Reforma Tributária

Em jantar com deputados, Tarcísio pede mudanças na reforma tributária

Governador pediu ajuda da bancada paulista na Câmara para alterar texto sobre FDR e o conselho federativo que vai administrar futuro imposto único

Tarcísio promoveu jantar com 30 deputados da bancada paulista para discutir a reforma tributária. Tarcísio promoveu jantar com 30 deputados da bancada paulista para discutir a reforma tributária.  - Foto: Reprodução

O governador Tarcísio de Freitas (Republicanos) realizou na noite deste domingo, no Palácio dos Bandeirantes, um jantar com 30 deputados federais da bancada paulista no qual expôs suas discordâncias com a proposta de reforma tributária que tramita na Câmara dos Deputados. Havia tanto parlamentares de partidos da base de Tarcísio, como PL, PSD e União Brasil, quanto da esquerda, como PT e PSB.

Tarcísio fez uma apresentação que durou cerca de 30 minutos e depois falou o secretário estadual da Fazenda, Samuel Kinoshita. De acordo com deputados ouvidos pelo Globo, eles se mostraram “a favor de 90% da reforma”, mas pedem o apoio dos parlamentares na mudança de alguns pontos.

Um deles é a criação de um conselho federativo que vai gerir a arrecadação do novo Imposto sobre Bens e Serviços (IBS), que vai unificar o ISS e o ICMS, para que um estado não fique devendo ao outro, já que o imposto arrecadado durante as etapas de produção seria descontado e depois redistribuído aos estados. Tarcísio argumenta que transferir o tributo recolhido em São Paulo para o conselho faria o estado perder autonomia sobre sua própria arrecadação.
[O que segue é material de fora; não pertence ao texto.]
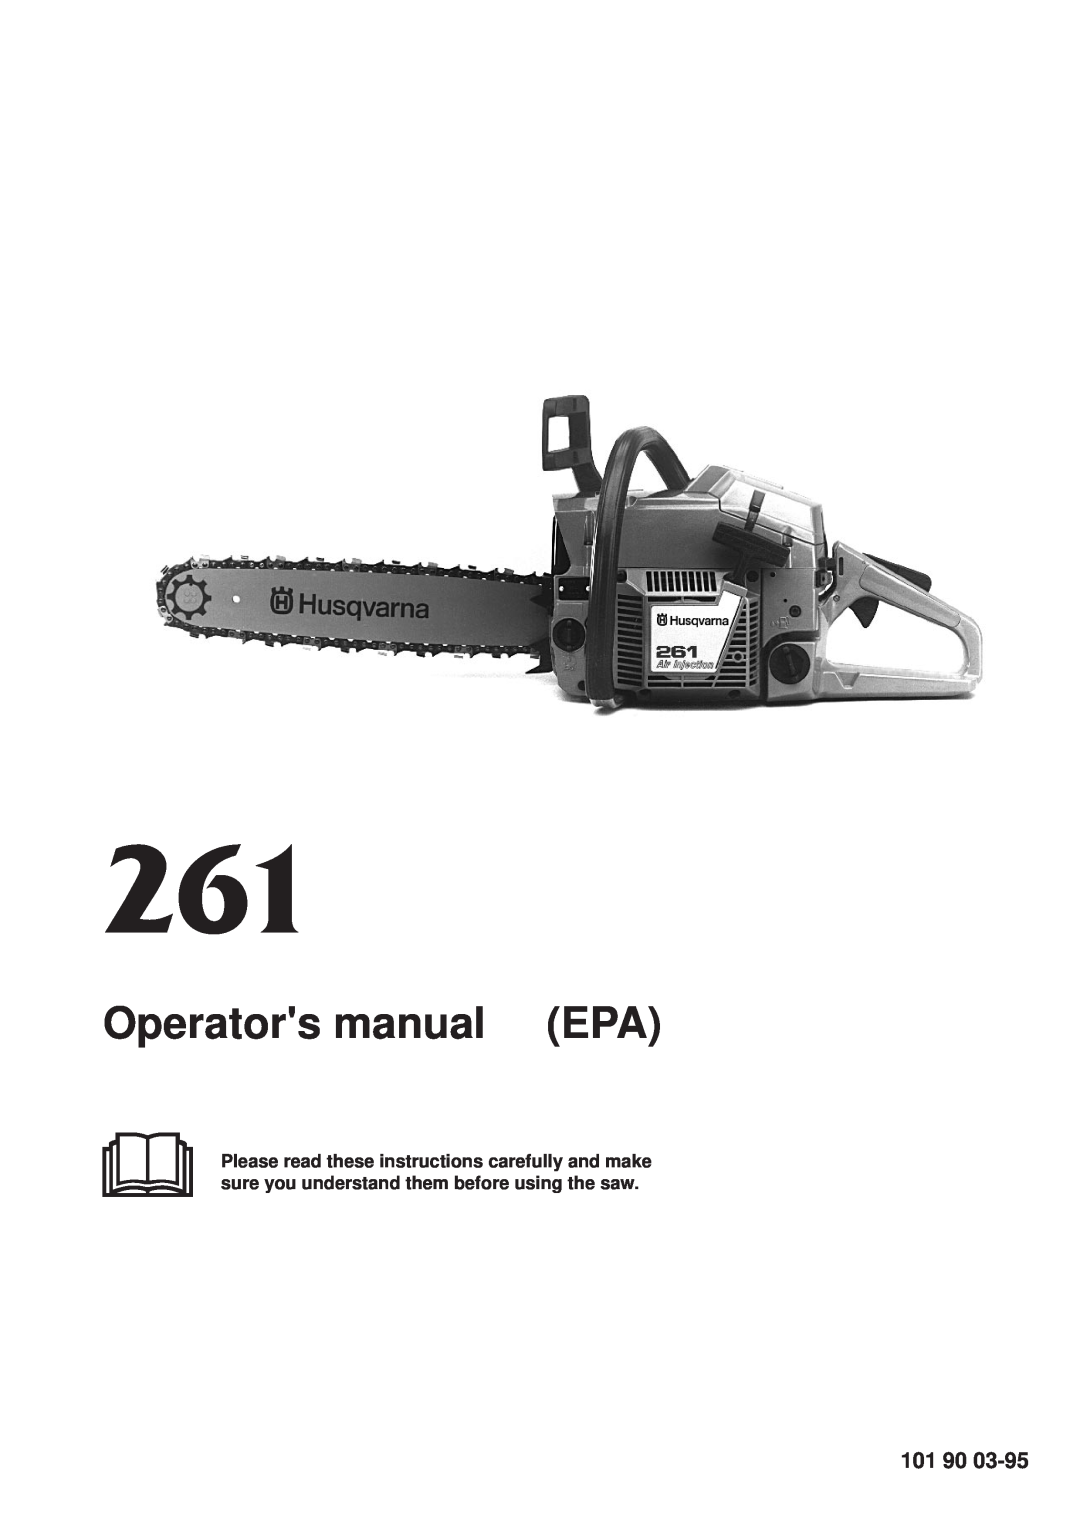 Husqvarna 261 manual Operators manual EPA, 101 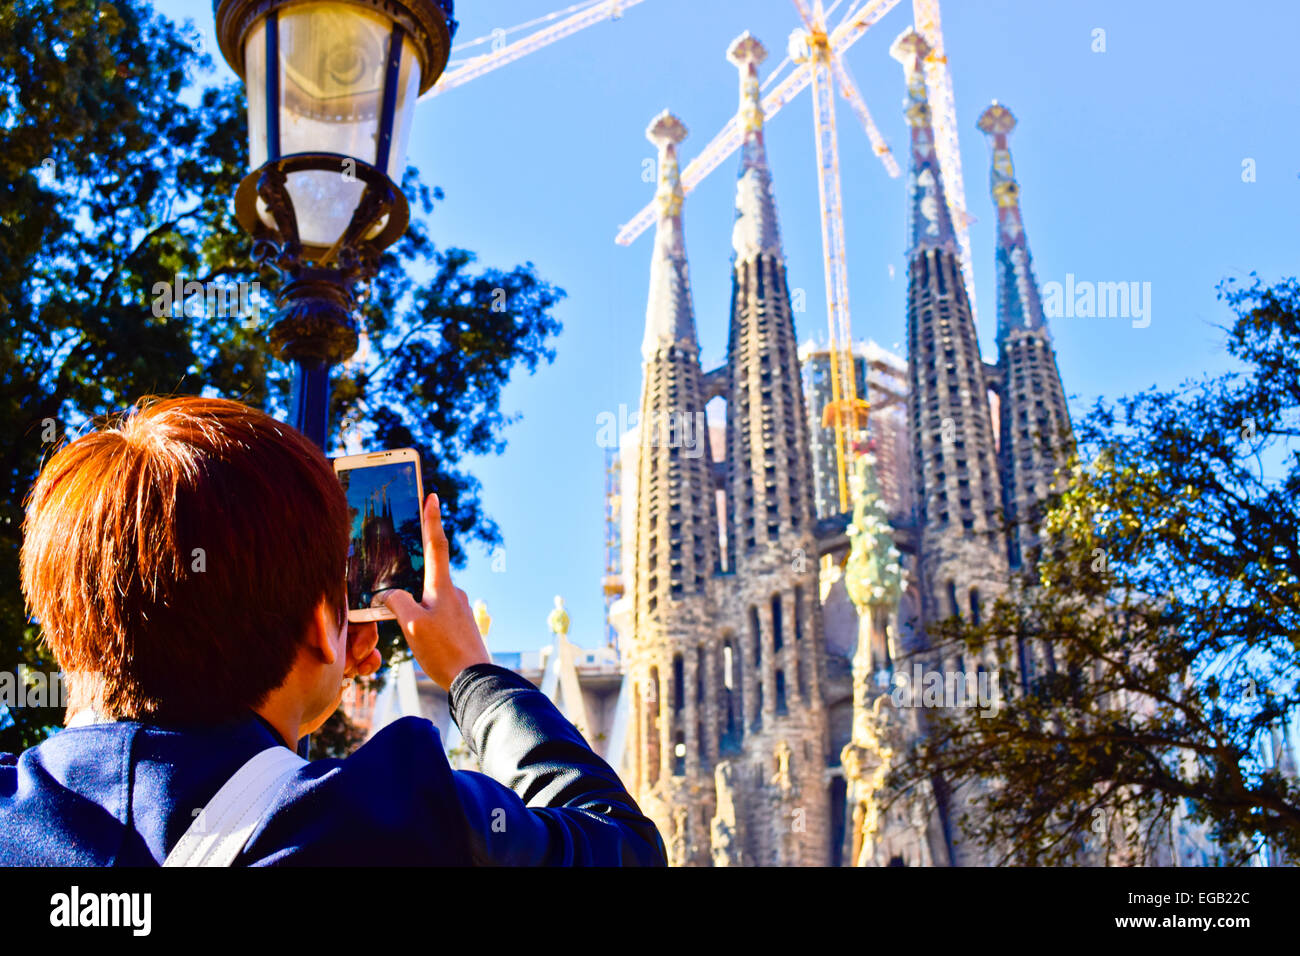 Turistica prendendo le foto con il suo cellulare. La Sagrada Familia di Barcellona, in Catalogna, Spagna. Foto Stock

Outro ponto de preocupação do governo é sobre o Fundo de Desenvolvimento Regional (FDR), para investimentos nos estados e de caráter permanente. A proposta é que esse fundo tenha em torno de 40 bilhões, com aporte feito pela União. Mas o governo Tarcísio expressou, no jantar, a preocupação com o quanto São Paulo poderia acessar desses recursos, já que estados mais pobres devem ter prioridade. Ele argumentou que o estado também precisa desse dinheiro pois tem o segundo maior número de beneficiários do Bolsa Família do país, e defende usar esse dado como critério para ser mais beneficiado.

— Ele disse que São Paulo teria direito a apenas R$ 1 bilhão desses 40, sendo que o estado de São Paulo é onde tem o maior número de beneficiários Bolsa Família, a maior quantidade de favelas. A gente tem gente na pobreza em São Paulo e não é justo a gente ficar fora desse fundo. O governo não quer que seja proporcional ao tamanho do estado, porque aí ficaria R$ 10 bilhões para São Paulo, mas que seja mais justo para fazer uma distribuição social, que ao invés de R$ 1 bi, São Paulo ficasse com cerca de R$ 6 bilhões — contou o deputado Capitão Augusto (PL-SP), que estava presente.

Vitor Lippi (PSDB-SP), que integrou o grupo de trabalho da reforma tributária, e o deputado Baleia Rossi (MDB-SP), que é o autor da proposta inicial da reforma tributária discutida no Legislativo, também fizeram uma fala durante o jantar.

Rossi afirma que vai levar as ideias de Tarcísio para o relator Aguinaldo Ribeiro (PP-PB) ainda nesta segunda, e a expectativa é que o texto seja votado até sexta-feira. As propostas devem ser suprapartidárias e unir parlamentares da esquerda e direita em prol de beneficiar São Paulo.

Arnaldo Chinaglia (PT-SP), que também estava presente no jantar, afirmou que o estado de São Paulo “tem um grande peso” na negociação da reforma tributária, mas é necessário fazer “uma aproximação dos pontos de vista” entre os estados.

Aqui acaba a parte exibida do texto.